THIS OPINION HAS NO PRECEDENTIAL VALUE. IT SHOULD NOT BE CITED OR RELIED ON AS PRECEDENT IN ANY PROCEEDING EXCEPT AS PROVIDED BY RULE 268(d)(2), SCACR.
THE STATE OF SOUTH CAROLINA
In The Court of Appeals
The State, Respondent,
Brian Amburgey, Appellant.
Appeal From Spartanburg County
Gordon G. Cooper, Circuit Court Judge
Unpublished Opinion No. 2010-UP-496
Submitted November 1, 2010 – Filed November 8, 2010
Chief Appellate Defender Robert M. Dudek, of Columbia, for Appellant.
J. Benjamin Aplin, of Columbia, for Respondent.
PER CURIAM: Brian Amburgey appeals the revocation of thirty days of his probationary sentence, arguing the circuit court erred in finding he had impermissible contact with a child under the age of eighteen. We reverse because the evidence adduced at the hearing does not support a finding that Amburgey violated a condition of his probation.
"This court will not disturb the circuit court's decision to revoke probation unless the decision was influenced by an error of law, was without evidentiary support, or constituted an abuse of discretion." State v. Archie, 322 S.C. 135, 136-37, 470 S.E.2d 380, 381 (Ct. App. 1996). In a probation revocation matter, the circuit court may abuse its discretion by entering an arbitrary judgment, allowing its decision to be controlled by an error of law, or failing to consider the particular circumstances of the case and whether the evidence supports its decision. State v. White, 218 S.C. 130, 135-37, 61 S.E.2d 754, 756-59 (1950). Appellate courts are bound by the circuit court's factual findings unless the findings are clearly erroneous. State v. Baccus, 367 S.C. 41, 48, 625 S.E.2d 216, 220 (2006).

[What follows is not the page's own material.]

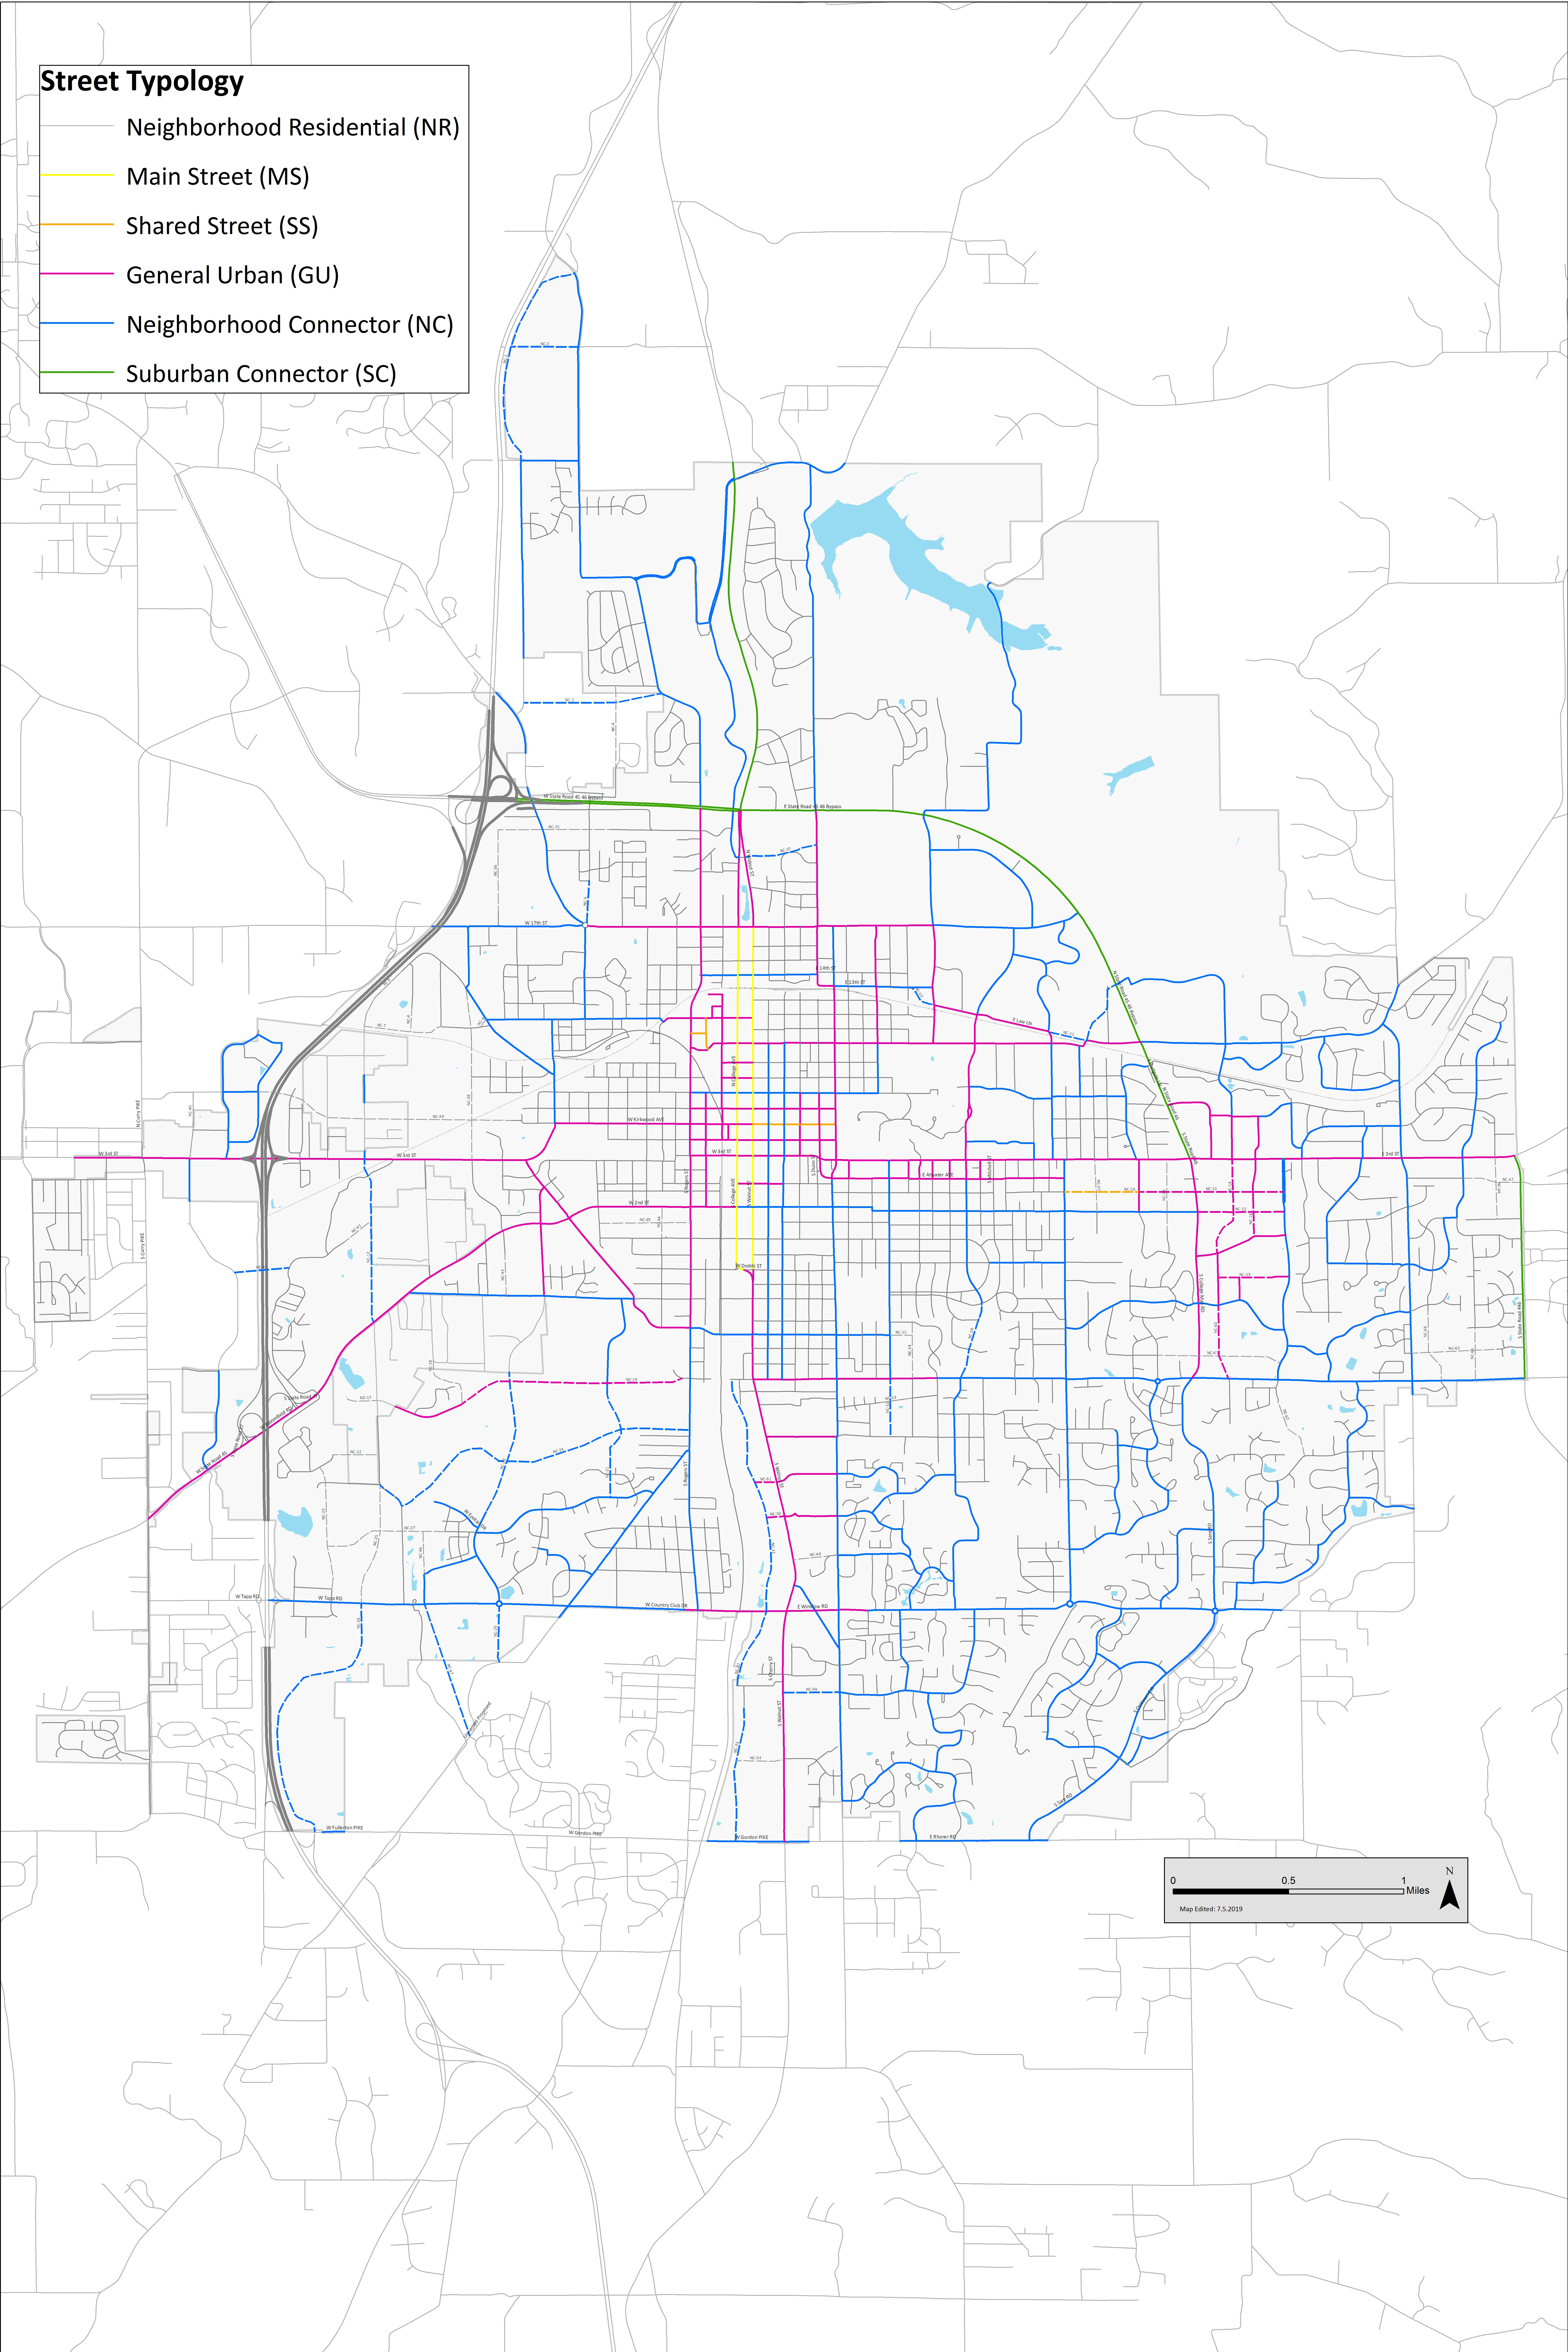 City of Bloomington Transportation Plan - Figure 19 - Street Typologies and New Connections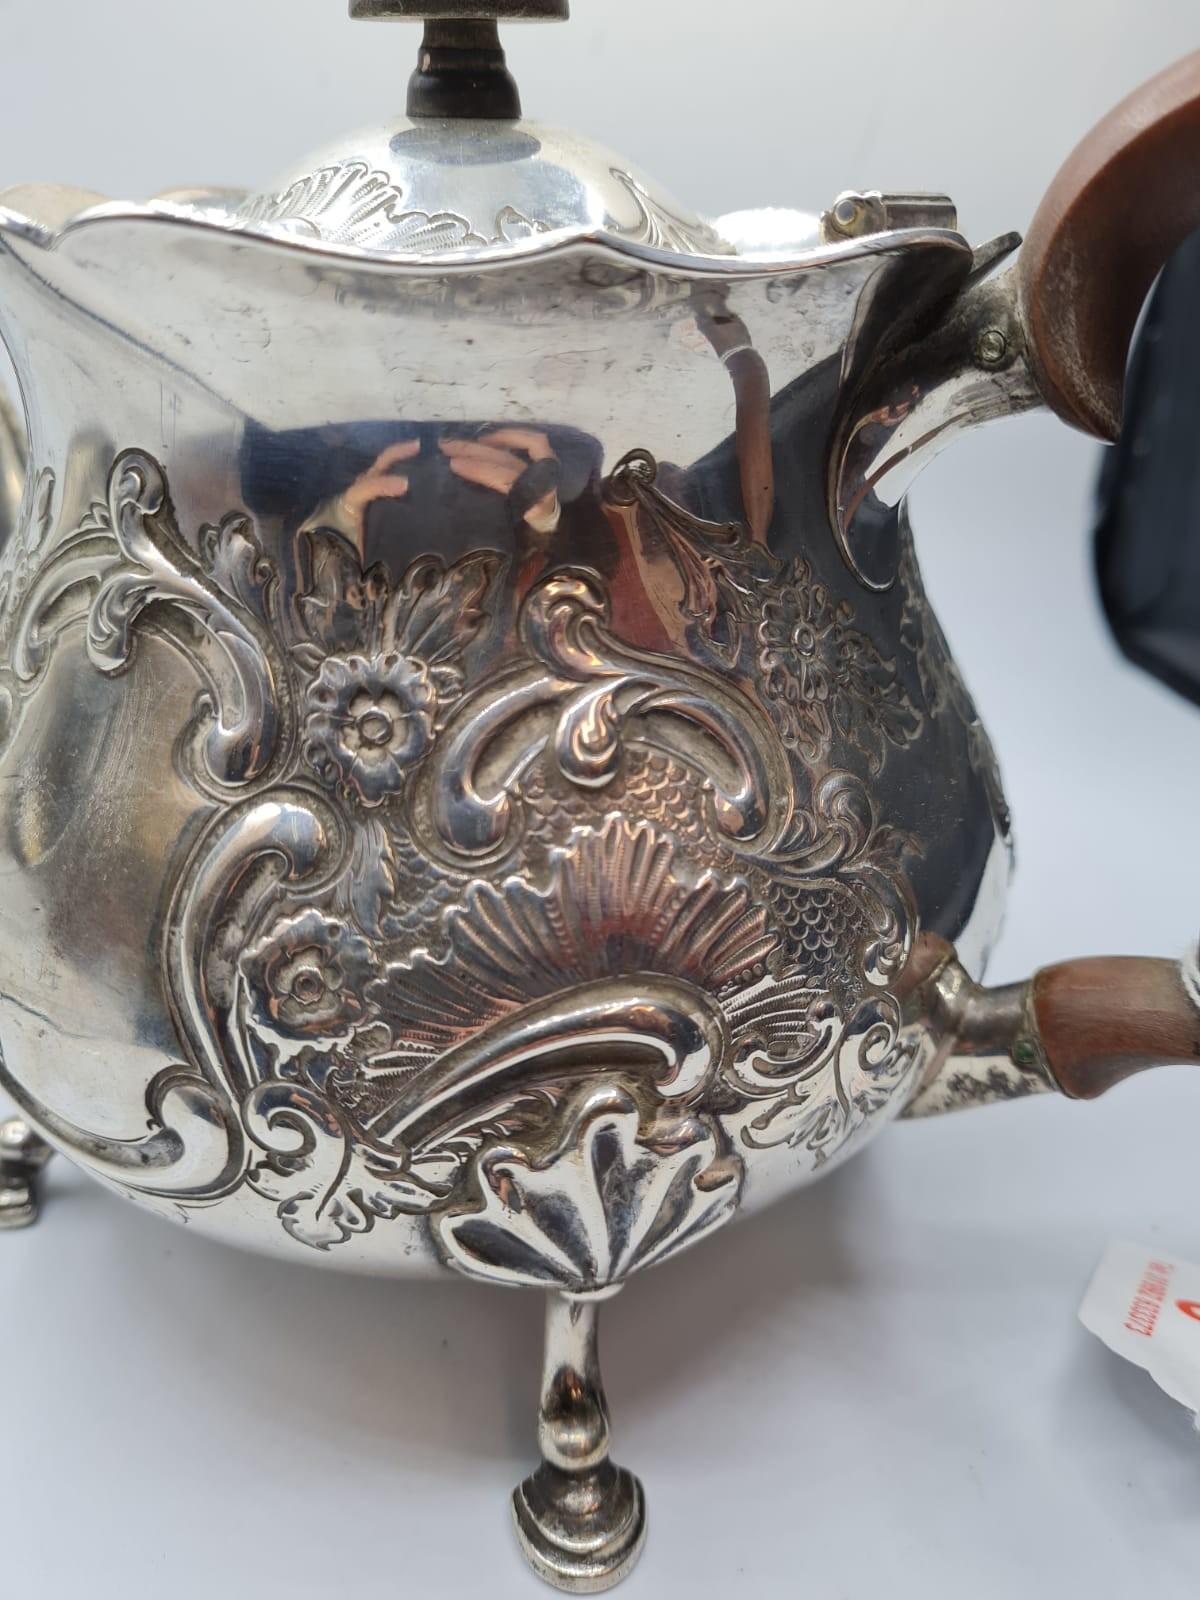 1920 Ornate Silver Teapot 766g - Image 2 of 8

Amburgey's probation was conditioned upon his "not hav[ing] contact with a person under the age of 18" who was not a male blood-relative. This condition specifically addressed incidental contact: "If I have incidental contact with any child, I will be civil and courteous and immediately remove myself from the situation. I will discuss the contact at my next treatment session and will immediately report this contact to my agent." The record supports Amburgey's contention that he was unaware the child was in his home and therefore was unable to exercise control over his proximity to the child. The child's mother testified her visit with her sister lasted approximately ten minutes. Both the child's mother and the probation agent testified Amburgey entered the room where the child stood only after the probation agent arrived. Until that time, the child's mother stated, Amburgey remained in his bedroom, and she and her child remained in the living room. Accordingly, we find no evidence supports the circuit court's finding that Amburgey violated the terms of his probation. No evidence indicates Amburgey invited the child or his mother to his residence or even knew they were coming. No evidence indicated Amburgey's girlfriend was aware her sister and the child would come to the home. No evidence indicated the child's mother was aware of Amburgey's restriction before his probation agent informed her. Furthermore, the child's presence in Amburgey's residence was "really the only violation" the probation agent found. Consequently, we find the circuit court erred in revoking thirty days of Amburgey's probation.
HUFF, KONDUROS, and LOCKEMY, JJ., concur.